Daily Advent Devotions from Church Street UMC
Sunday, November 29, Evening
By Rev. Chris Brown
A Time of Hopeful Waiting
Read 2 Peter 3:8-15
But do not forget this one thing, dear friends: With the Lord a day is like a thousand years, and a thousand years are like a day. The Lord is not slow in keeping his promise, as some understand slowness. Instead he is patient with you, not wanting anyone to perish, but everyone to come to repentance.
But the day of the Lord will come like a thief. The heavens will disappear with a roar; the elements will be destroyed by fire, and the earth and everything done in it will be laid bare.
Since everything will be destroyed in this way, what kind of people ought you to be? You ought to live holy and godly lives as you look forward to the day of God and speed its coming. That day will bring about the destruction of the heavens by fire, and the elements will melt in the heat. But in keeping with his promise we are looking forward to a new heaven and a new earth, where righteousness dwells.
So then, dear friends, since you are looking forward to this, make every effort to be found spotless, blameless and at peace with him. Bear in mind that our Lord’s patience means salvation, just as our dear brother Paul also wrote you with the wisdom that God gave him.

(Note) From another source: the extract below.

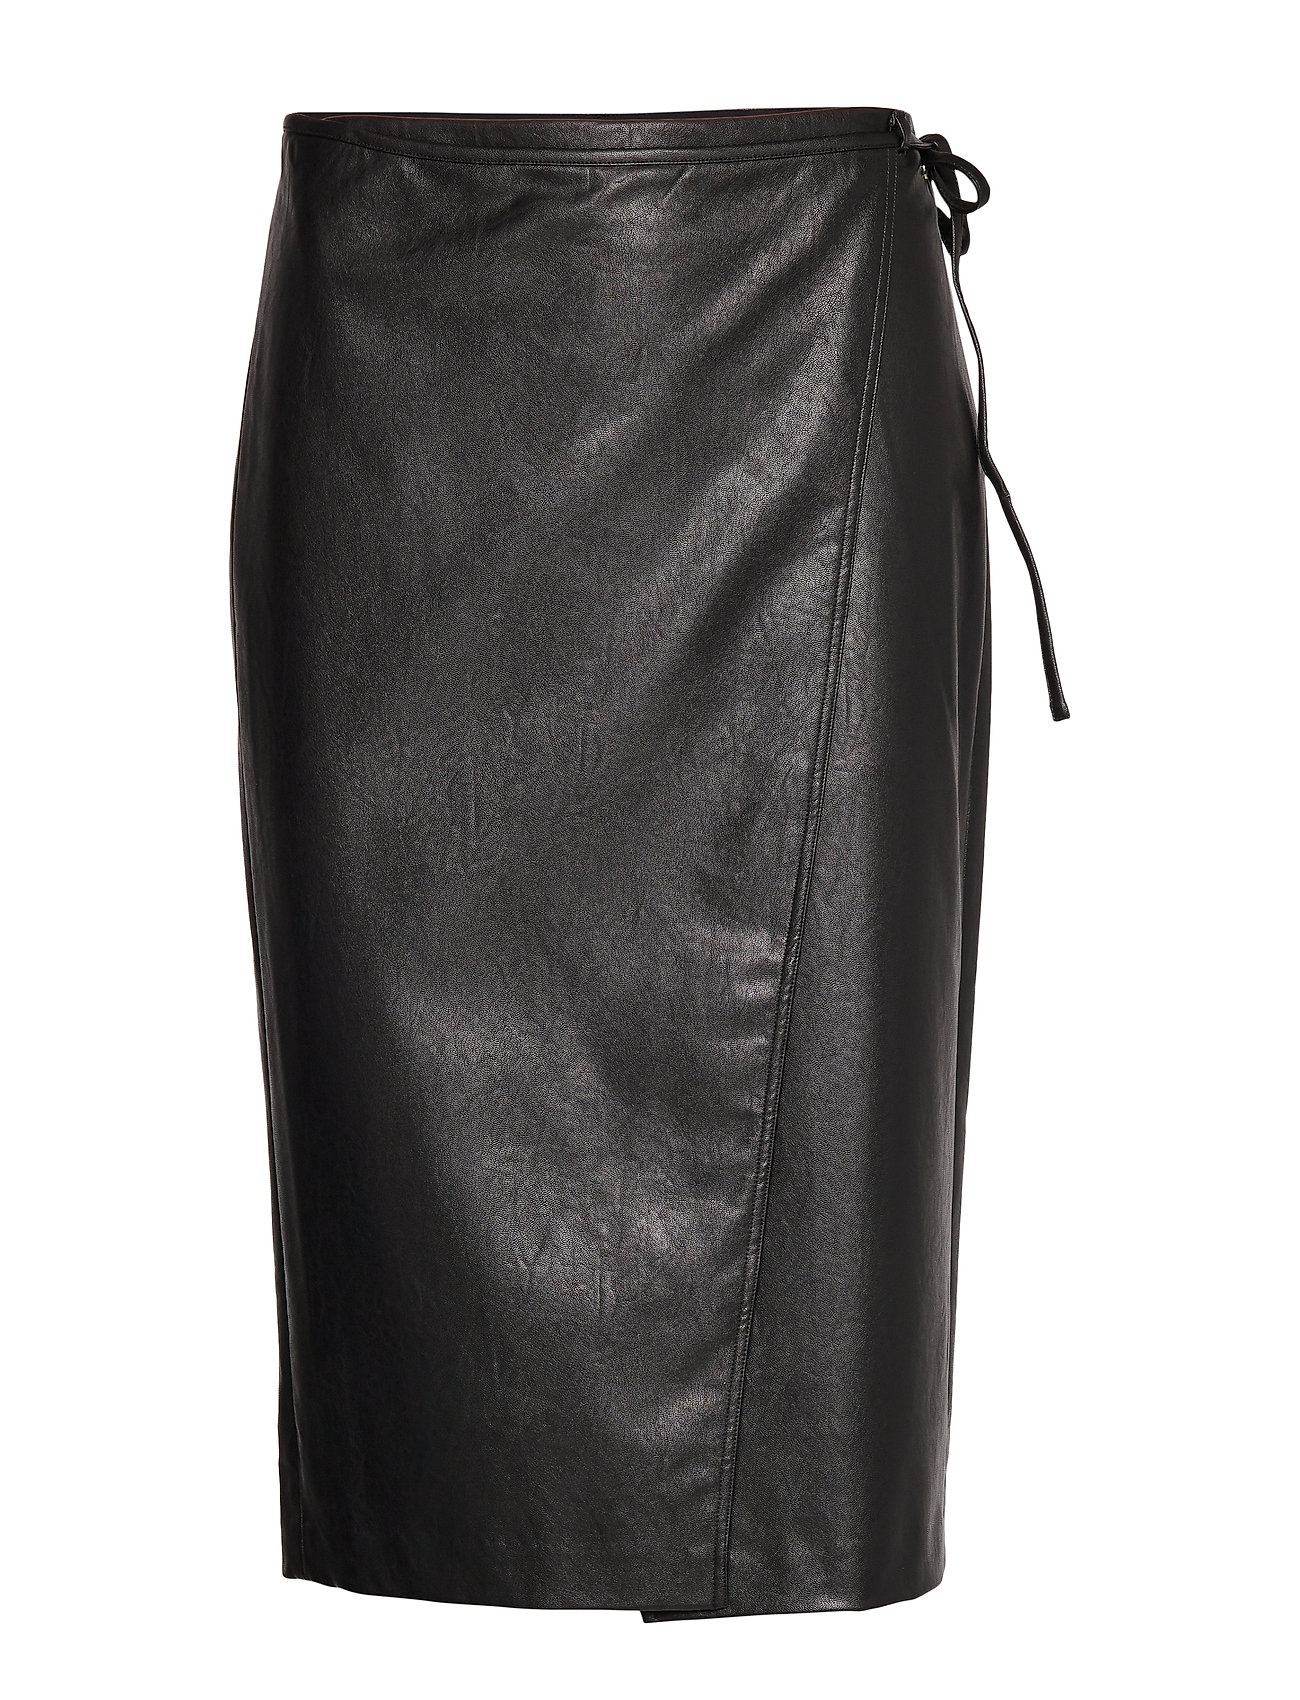 Armani Exchange AX WOMAN SKIRT - BLACK

Near the end of our New Testament is the second letter attributed to Simon Peter directed at an unknown audience. In it, Peter speaks of Christ’s promised Second Coming. And we are reminded once again, as Jesus instructed the disciples in the Gospels and Paul reiterated to the churches in his letters, that God’s timing is not in accord with human expectations. He writes, “… with the Lord one day is like a thousand years, and a thousand years are like one day.”
Do you ever wonder why some days seem to go by slowly while others feel as if they appear and disappear at breakneck speed? The ancient Greeks had two main words for understanding time: Chronos and Kairos. The first term, Chronos, is the kind of time that moves in a linear direction. Kairos refers to a moment or an event or “a period of time.” It is like when someone says to you, “Hey, do you remember that time…?” The New Testament speaks of Kairos time (84 times) more than it speaks of Chronos time (54 times). Kairos means “the appointed time in the purpose of God,” the time when God acts, or the time when we see God move in extraordinary ways.

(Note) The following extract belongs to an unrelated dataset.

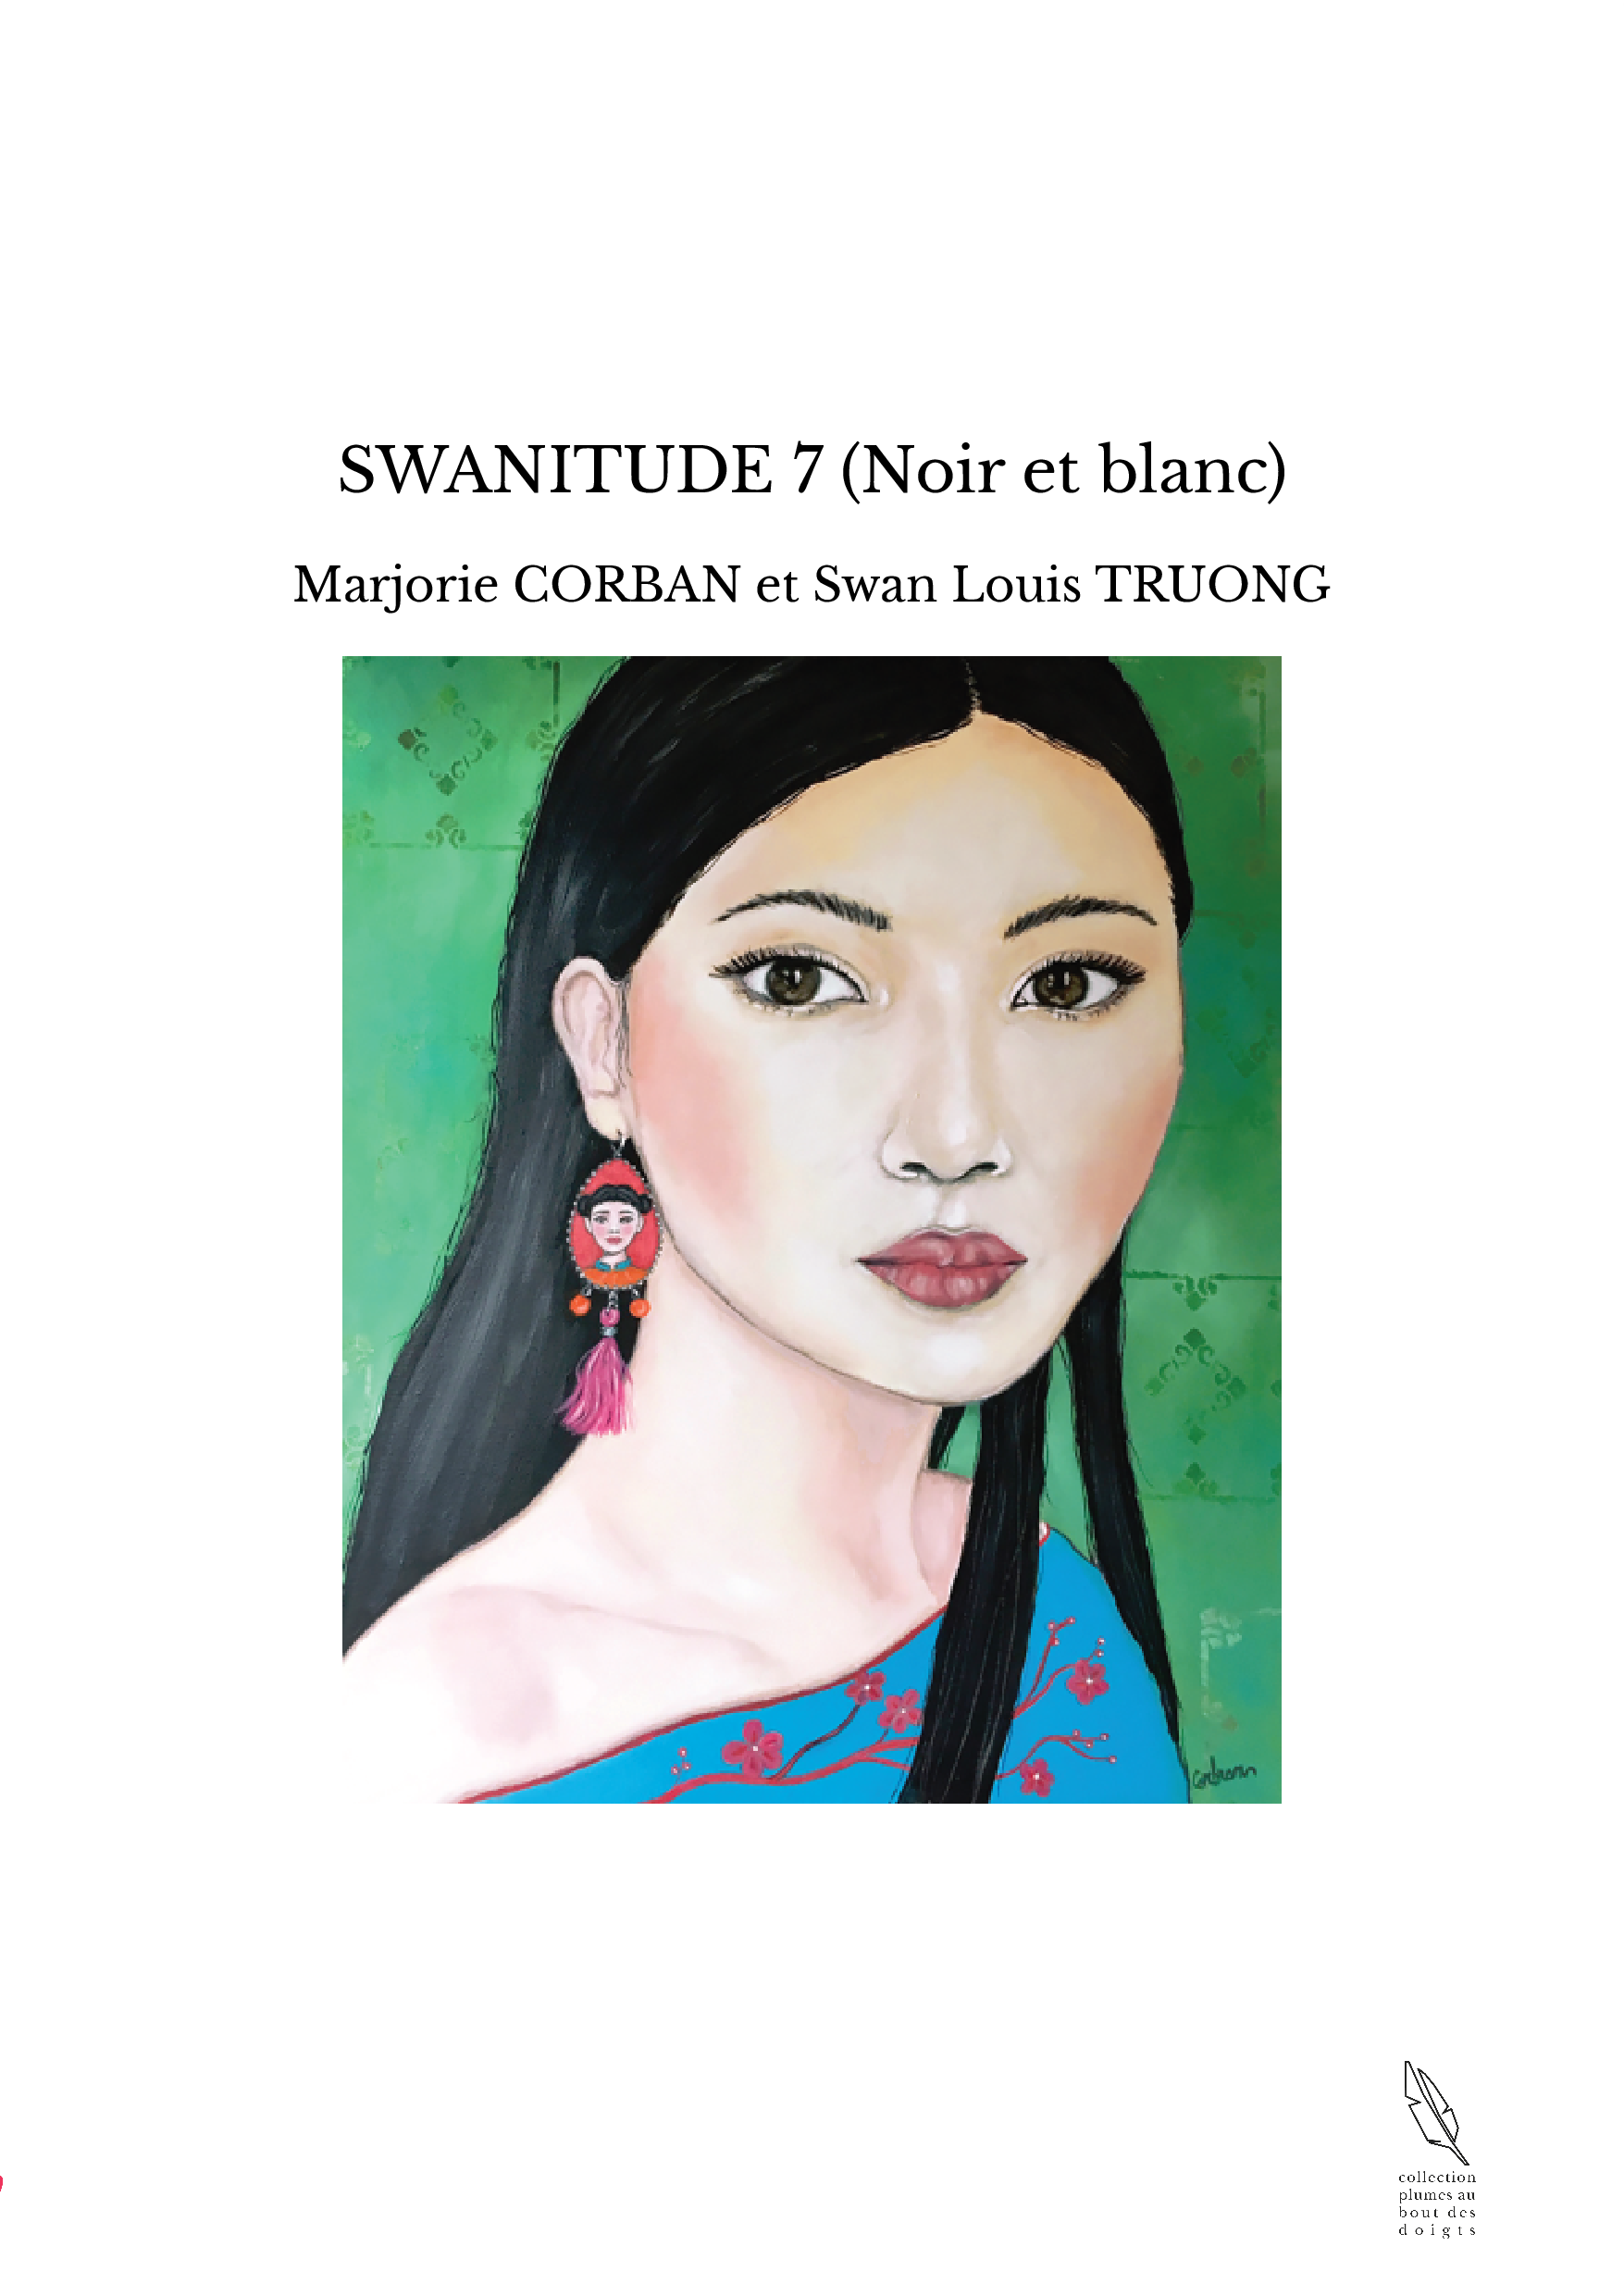 SWANITUDE 7 (Noir et blanc)

This Advent Season, as we participate in holy waiting, we wait in hope and in anticipation for Christ’s promised Chronos return. Furthermore, we celebrate and give thanks for a God that is working in extraordinary Kairos ways and that it is on a “timeline” that goes well beyond our earthly understanding.
Lord, grant us patience and understanding in this time of hopeful waiting. Help us to recognize the times in which you have worked and are continuing to work in this world. Amen.
Rev. Chris Brown is a Pastor at Colonial Heights UMC, Kingsport, TN, was raised at Church Street, is a former college ministry coordinator, and Duke Divinity intern.